“Bukharin tinha muito de medíocre, esperava ser o cérebro de Stálin”
Bukharin: destruído pela ditadura e reabilitado pela perestroika
Lênin: via em Bukharin seu herdeiro intelectual
Nikolai Ivanovich Bukharin (Moscou, 9 de outubro de 1888 – Moscou, 15 de março de 1938), revolucionário e intelectual bolchevique, foi um dos mais íntimos assessores de Lênin também condenado à morte pelos processos de Moscou.
É classificado na categoria de uma personalidade medíocre que, mesmo tendo lucidez para enxergar a catástrofe do terror stalinista, alimentava o sonho de subir na vida na condição de “cérebro de Josef Stalin.”
Acusado de terrorismo, sabotagem e conspiração, o líder bolchevique Bukharin acabou executado em março de 1938, aos 50 anos, como “inimigo do povo” soviético. O ditador soviético Josef Stalin (1879-1953) usou seu poder para trucidar os opositores. Mas a história tomou partido de suas vítimas, e preservou seus nomes.
Foi reabilitado meio século depois de sua morte, durante a perestroika (ou “degelo”), promovida por Mikhail Gorbachev. Bukharin é o autor de “Materialismo Histórico”, obra canônica do marxismo. Quando foi morto, escrevia um romance autobiográfico, que durante muito tempo se julgou perdido.
Só em 1992 os manuscritos foram encontrados – ironia – entre os papéis do arquivo de Stalin. O fragmentado relato do “garoto de ouro da Revolução Russa” chama-se “O Romance do Cárcere”. Bukharin só teve tempo de escrever 22 capítulos e não pôde contar os principais episódios de sua vida. Foi silenciado em sua cela, onde registrou a última frase do livro uma hora antes de um carrasco interromper a redação.

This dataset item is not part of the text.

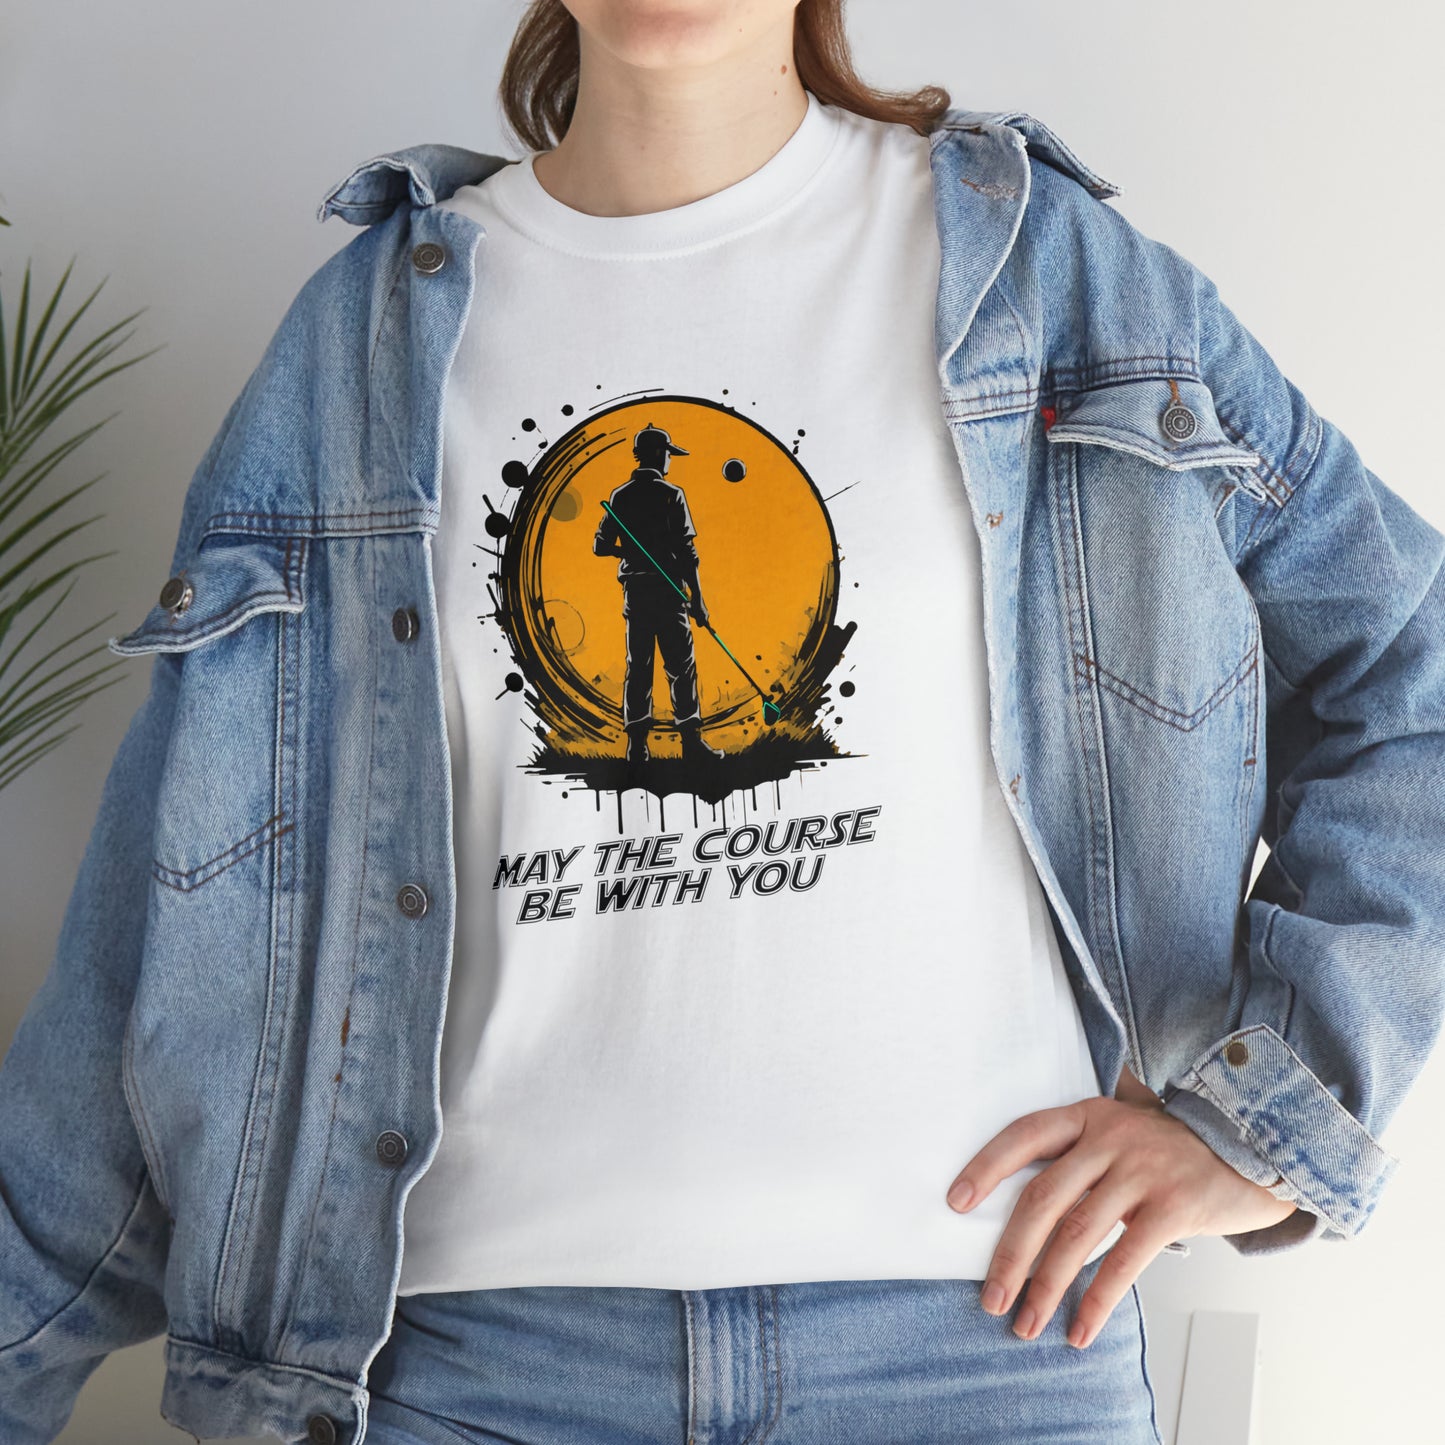 May the course be with you t-shirt

Se tivesse vivido um pouco mais, teria contado como Stalin o perseguiu e mandou sua mulher para um campo de detenção, condenando seu filho a um orfanato. Talvez pudesse ainda relatar as atrocidades que testemunhou na prisão de Lubyanca, onde esteve de fevereiro de 1937 a março de 1938. Mas nesse caso é quase certo que seu livro não teria chegado até nós.
É difícil imaginar o que fez Stalin conservar a obra – se para atender a uma humilhante súplica de Bukharin expressa em carta, ou simplesmente porque não viu no livro nenhuma crítica à sua estreita visão do mundo. Nas páginas que ficaram, Bukharin mostra como vivia uma família burguesa russa no fim do século XIX, obrigada a trocar Moscou pela província quando o status do patriarca cai vertiginosamente.

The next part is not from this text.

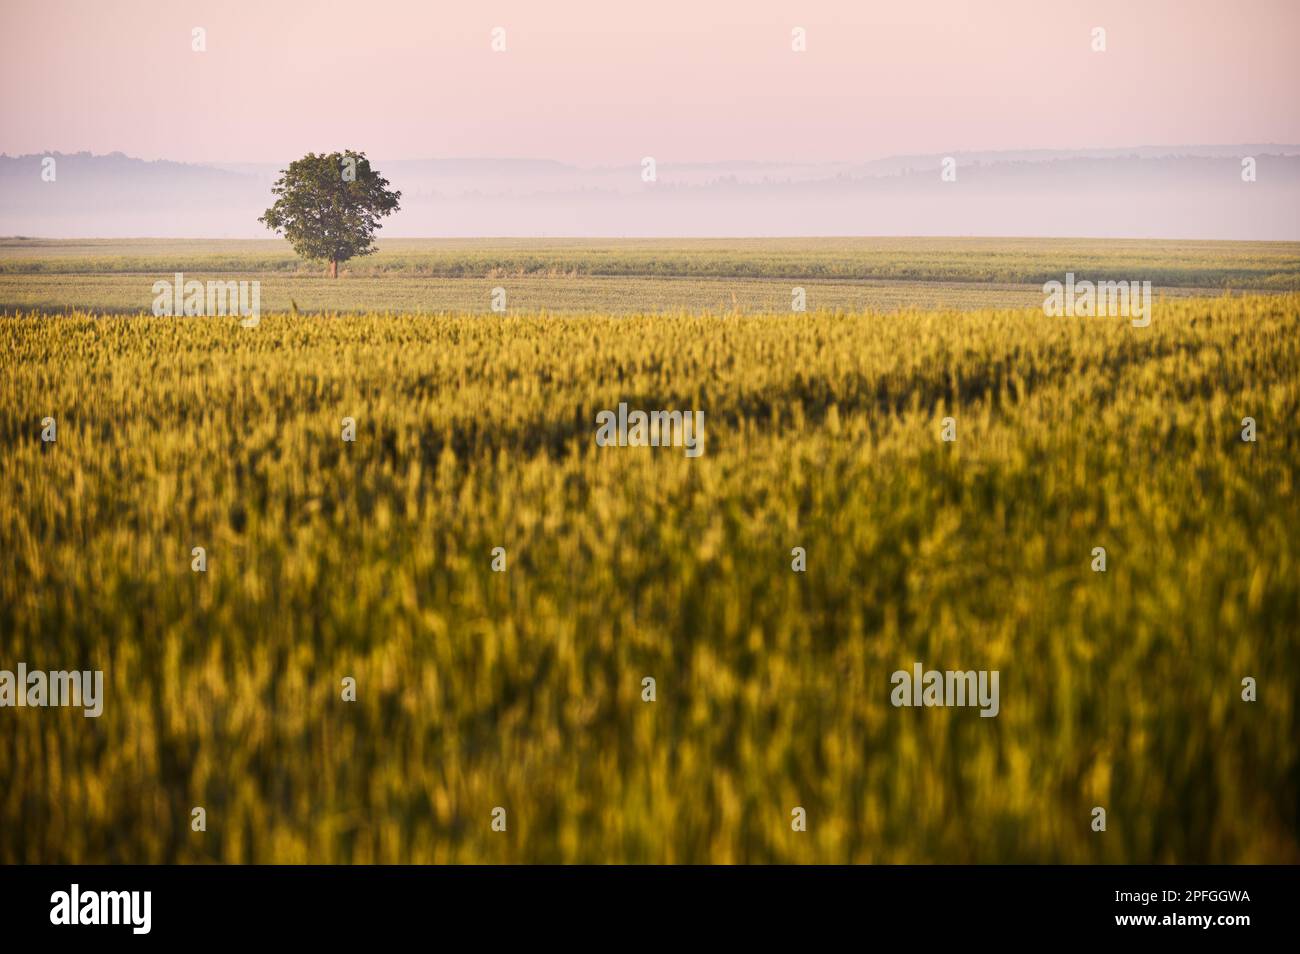 A lonely tree in a barley field at sunrise Stock Photo

Ele conta como Kolia Petrov (seu alter ego no romance) aprendeu a ler aos 4 anos e desenvolveu um fascínio por borboletas e uma absoluta lealdade aos amigos, entre eles um jovem judeu da Bessarábia, Levka – belo personagem que é uma espécie de Huckleberry Finn russo. O livro termina de forma abrupta, quando Kolia tem 15 anos. Pode-se ler nas entrelinhas, contudo, um vigoroso manifesto contra o emergente totalitarismo europeu, que coloca no mesmo saco a ditadura de Stalin e a de Hitler.
Bukharin anteviu os perigos do monopólio estatal dos meios de produção. Foi também um pioneiro na questão ecológica. Graças a ele, o Partido Comunista incorporou a ideia de preservar florestas e rios num decreto assinado quando a União Soviética engatinhava. Até nisso discordava de Stalin. Enquanto o ditador defendia a industrialização do país a qualquer preço, Bukharin recomendava um avanço gradual, prevendo que o programa stalinista só sairia do papel com muito sangue e à força da “exploração militar e feudal” da massa. O líder revolucionário Vladimir Lenin (1870-1924) considerava Bukharin seu legítimo herdeiro intelectual.
Alertou-o sobre a desmedida ambição política de Stalin, mas Bukharin ignorou o aviso. Quando decidiu criticar Stalin no Pravda, em 1929, era tarde demais. A vingança não tardou. Ele foi afastado dos cargos de influência até terminar seus dias na prisão.
É possível desvendar a personalidade política de Bukharin por meio de seu romance – quando se descobre que sua rejeição ao radicalismo e às injustiças era hereditária. O pai, um professor obrigado a assumir a função de coletor de impostos na destituída Bessarábia, promoveu a integração dos filhos com os judeus pobres da região e, mesmo avesso ao clero da Igreja Ortodoxa, sempre pregou a tolerância. Como o pai de Bukharin não aceitava suborno, seus superiores desconfiaram que recebia propina e não dividia com eles. Foi despedido, voltou com sua família para Moscou e viveu em condições miseráveis com os filhos, que tiveram boas lições práticas de solidariedade.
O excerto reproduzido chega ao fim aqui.